Онежка догадалась, что ее везут на машине, а потом ее раздели, и мужчина холодными руками стал делать еще больнее, чем было до сих пор.
Хотела сказать, чтобы к ней позвали женщину, Риту позвали бы, потому что Рита все-все знает, но в это время голос мужчины перебил ее. Где-то далеко голос произнес что-то о шансах, о бесполезности чего-то. Она знала, о чем голос прозвучал: «Четырехсотая…»
Тогда бы и должно было все кончиться, но потом, вскоре или спустя очень долго, вдруг случилось так, будто с нею ничего не случилось…
Так не могло быть. Она лежала в больнице на белой кровати, под потолком светила занавешенная электрическая лампочка, напротив было квадратное окно, до половины задернутое занавеской, с распахнутой форточкой. Сквозь стекла падал на кровать свет — не сильный, блеклый, а через форточку — почти яркий, с какими-то звуками и запахами. Какой-то незнакомый свет…
Все это и еще все то, что память тотчас подсказала ей: не до конца записанная в полевой дневник цифра, падающие вместе с облаками лиственницы, сильные руки Лопарева и еще чьи-то слабые, но причиняющие боль, — все говорило ей о случившемся, но она не могла противостоять ощущению, будто с нею не случилось ничего. Как могло это ощущение появиться, если здесь, рядом, было другое — была одна четырехсотая, уже покончившая с Онежкой, уже толкнувшая Онежку туда, где не было ничего? Для чего происходил этот обман?
Для того, чтобы она увидела, как это происходит. Чтобы она все кончила так, как могла кончить.

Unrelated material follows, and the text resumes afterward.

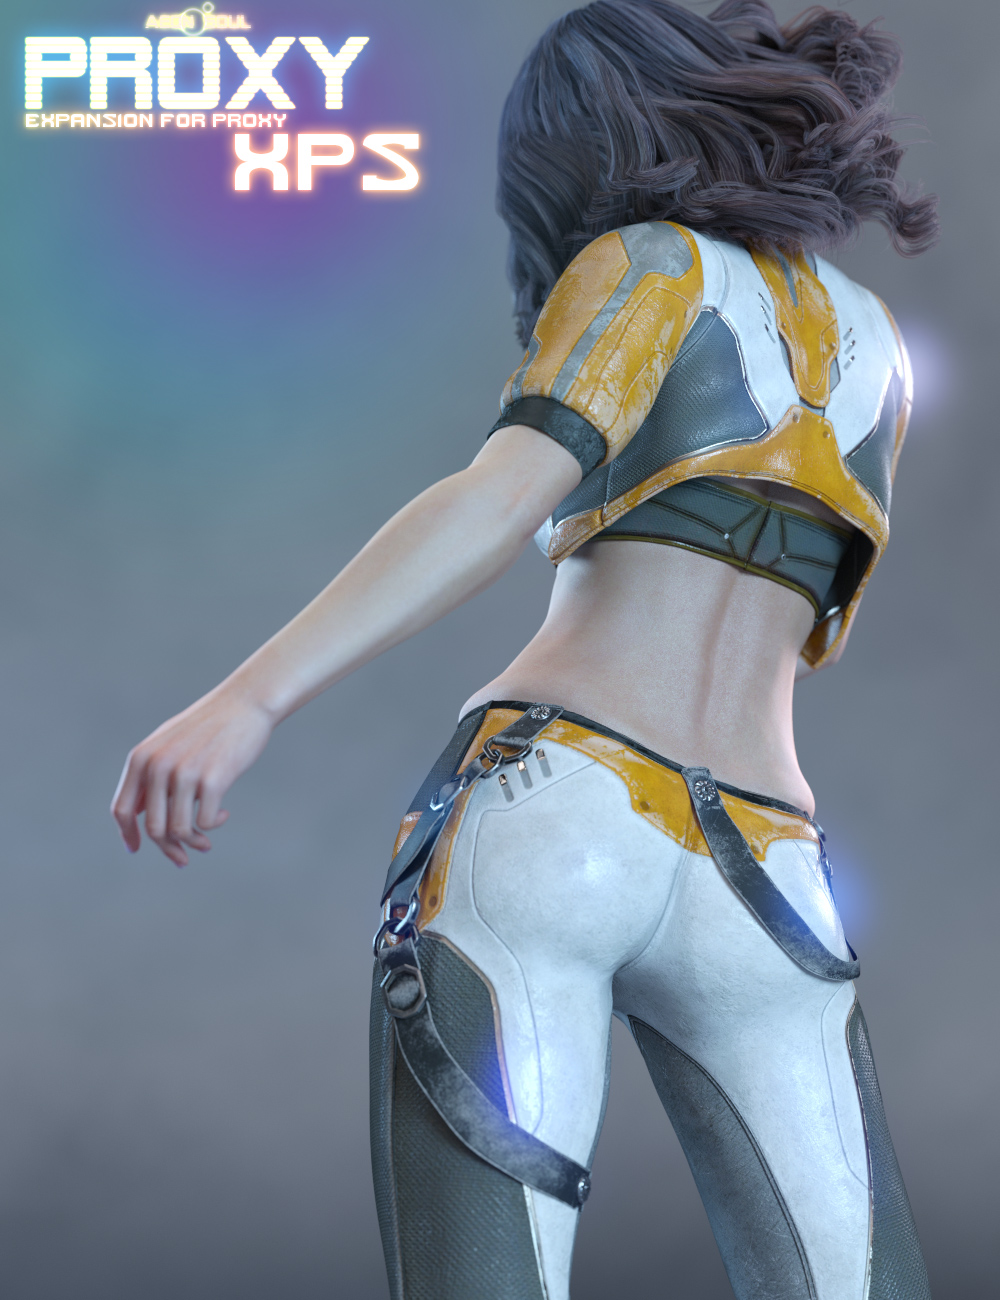 Proxy XPS: Tau Ceti Futuristic Styles for Proxy by: Aeon Soul, 3D Models by Daz 3D

А тогда случившееся с ней в действительности снова приблизилось к ней мгновенно, и она, уже не ощущая боли, вспомнила ее. Значит, такая боль могла быть настоящей? Существующей? Такая, с которой невозможно смириться, и ничто живое с ней мириться не может?!
Все уже прошло мимо Онежки, все убереглось от этого, и только она не убереглась, только ей пришлось принять эту боль, этот ужас. Одной из всех.
Если бы кто-нибудь был сейчас рядом с нею! Ей нужен был человек, который видел бы, как она это делает, как принимает все одна!
В лесу, у костра, Рязанцев говорил ей однажды, как это сделал кто-то, какой-то человек, мужчина, ученый, показывая, что в нем еще живет и что уже нет. Она поняла, почему так можно было сделать: потому что рядом был другой, который видел, понимал, чувствовал. И она тоже должна была потребовать кого-то, — с нею рядом обязан был присутствовать человек, — потребовать громко, так, чтобы никто не имел права ей отказать. Она хотела крикнуть. Но и в этом ей было отказано. Время уходило, оно успело куда-то унести ее голос… Куда?!
Она хотела видеть кого-нибудь, но никого не видела — только воробьев на распахнутой наружу форточке. Они смотрели на нее и чирикали. Стекло под ними было яркое-яркое, словно горело, они этого не замечали. Воробей побольше, с коричневой головкой и нагрудником, бочком-бочком теснил серенькую воробьиху.
Онежка смотрела на них. Больше некому ей было прошептать: «Истод, адонис, эдельвейс… истод, адонис…»
Онежка хотела быть такой же, какой всегда была до сих пор. Как будто с нею и в самом деле ничего не случилось. Она всегда чего-то желала, а сейчас — оставаться собой. Она хотела иметь желание.
Она знала, что должна была для этого преодолеть страх, проклятия, отчаяние, что-то еще, и еще, и еще Знала, что труднее всего — это не испугаться себя, себе не изменить. И не пугалась и не изменяла…
Тень появилась на кровати… Человек? Но это уже было все равно. Онежка смотрела прямо перед собою.
Воробьи на форточке широко и молча разевали свои клювы. Она знала, что это значит, почему молча.